Starting with the first line of the material, reproduce exactly each line up to and including the one that contains "Large 'Ponte' floor", leaving out every picture.

(Data block begins)

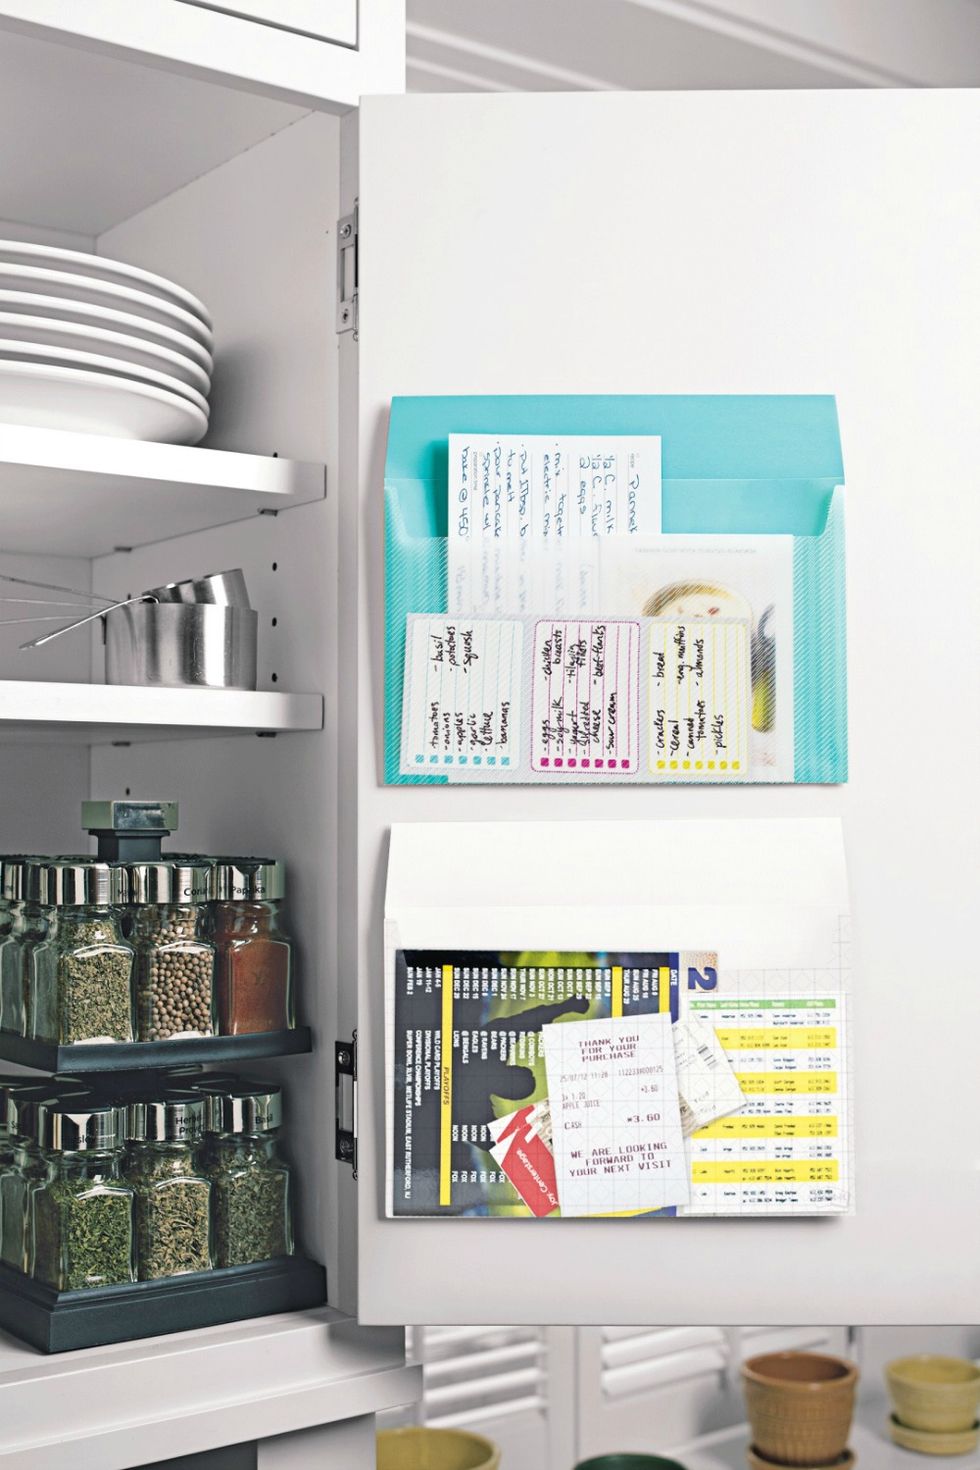 Home Organization: 27 Organizing Ideas for Your Home
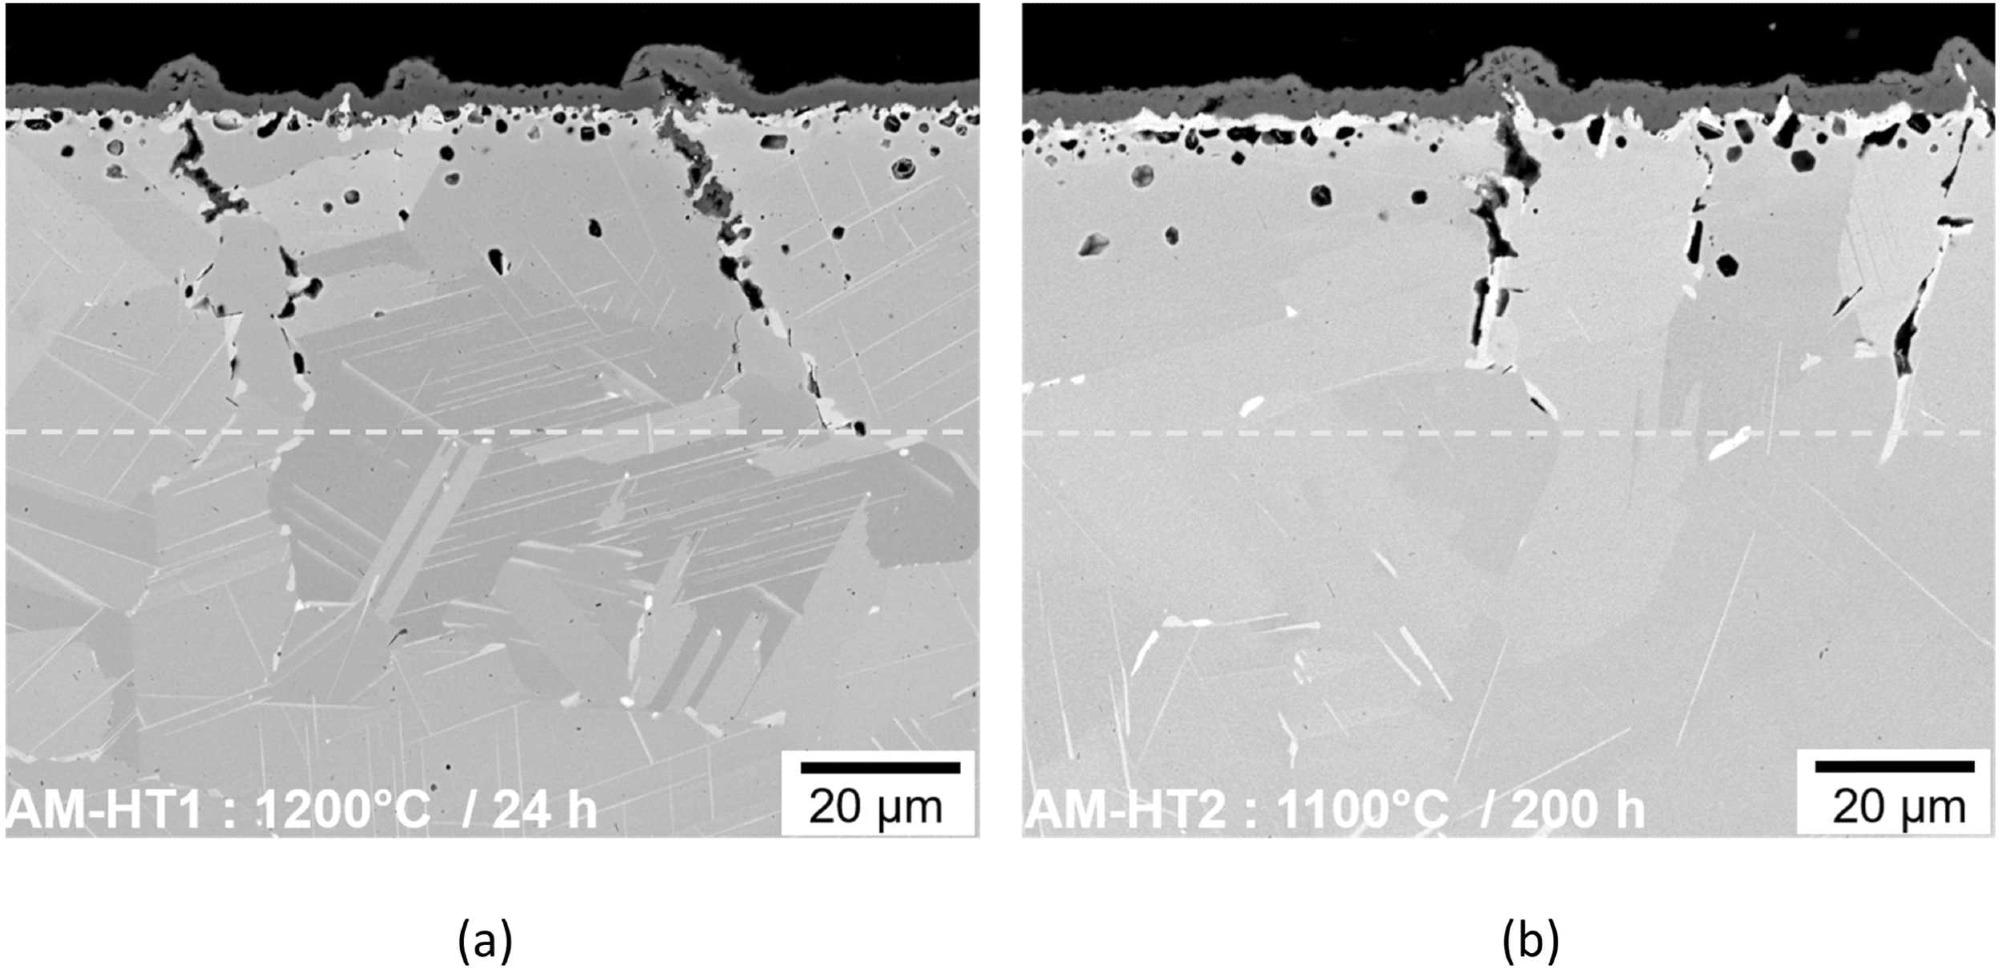 BSE images of oxide scales on heat-treated AM IN 625 after 168 h of air oxidation at 900 °C: (a) AM-HT1 (annealed for 24 h at 1200 °C) (b) AM-HT2: (annealed for 200 h at 1100 °C).
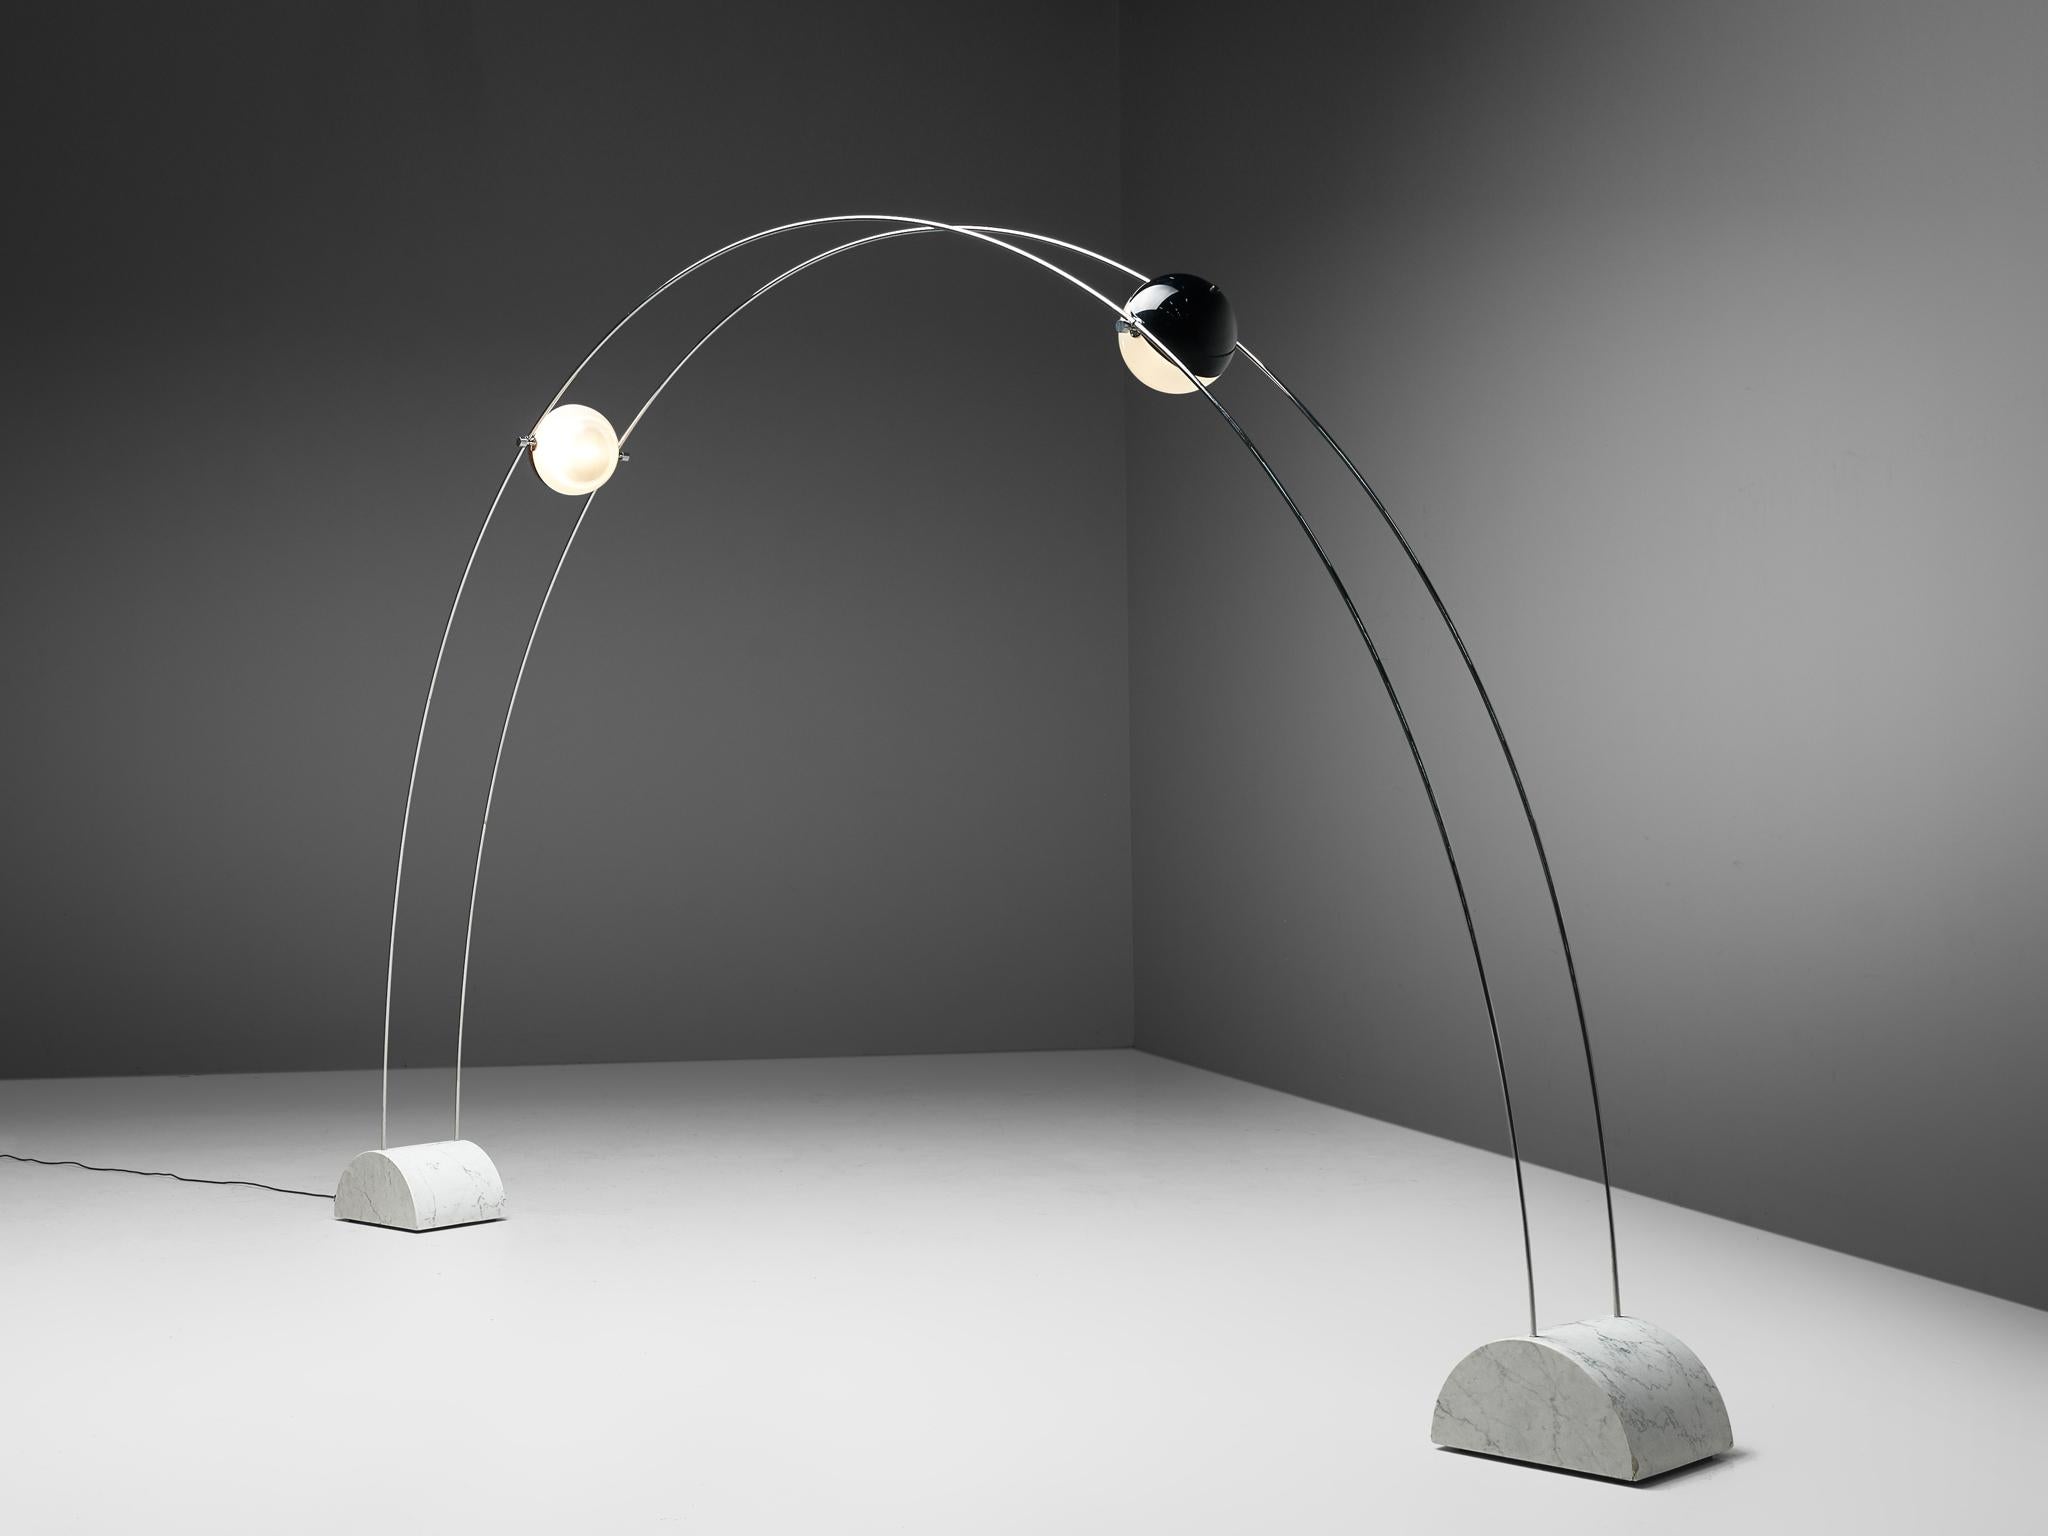 Large 'Ponte' floor lamp designed by Arditi group for Sormani, Italy, 1970s.

Lighting sculpture equipped with two adjustable lights connected on two steel tracks. This large arch shaped floor lamp supported by two rounded white marble bases.

(Data block ends)

* _Answer for the task_:
 Home Organization: 27 Organizing Ideas for Your Home
 BSE images of oxide scales on heat-treated AM IN 625 after 168 h of air oxidation at 900 °C: (a) AM-HT1 (annealed for 24 h at 1200 °C) (b) AM-HT2: (annealed for 200 h at 1100 °C).
 Large 'Ponte' floor lamp designed by Arditi group for Sormani, Italy, 1970s.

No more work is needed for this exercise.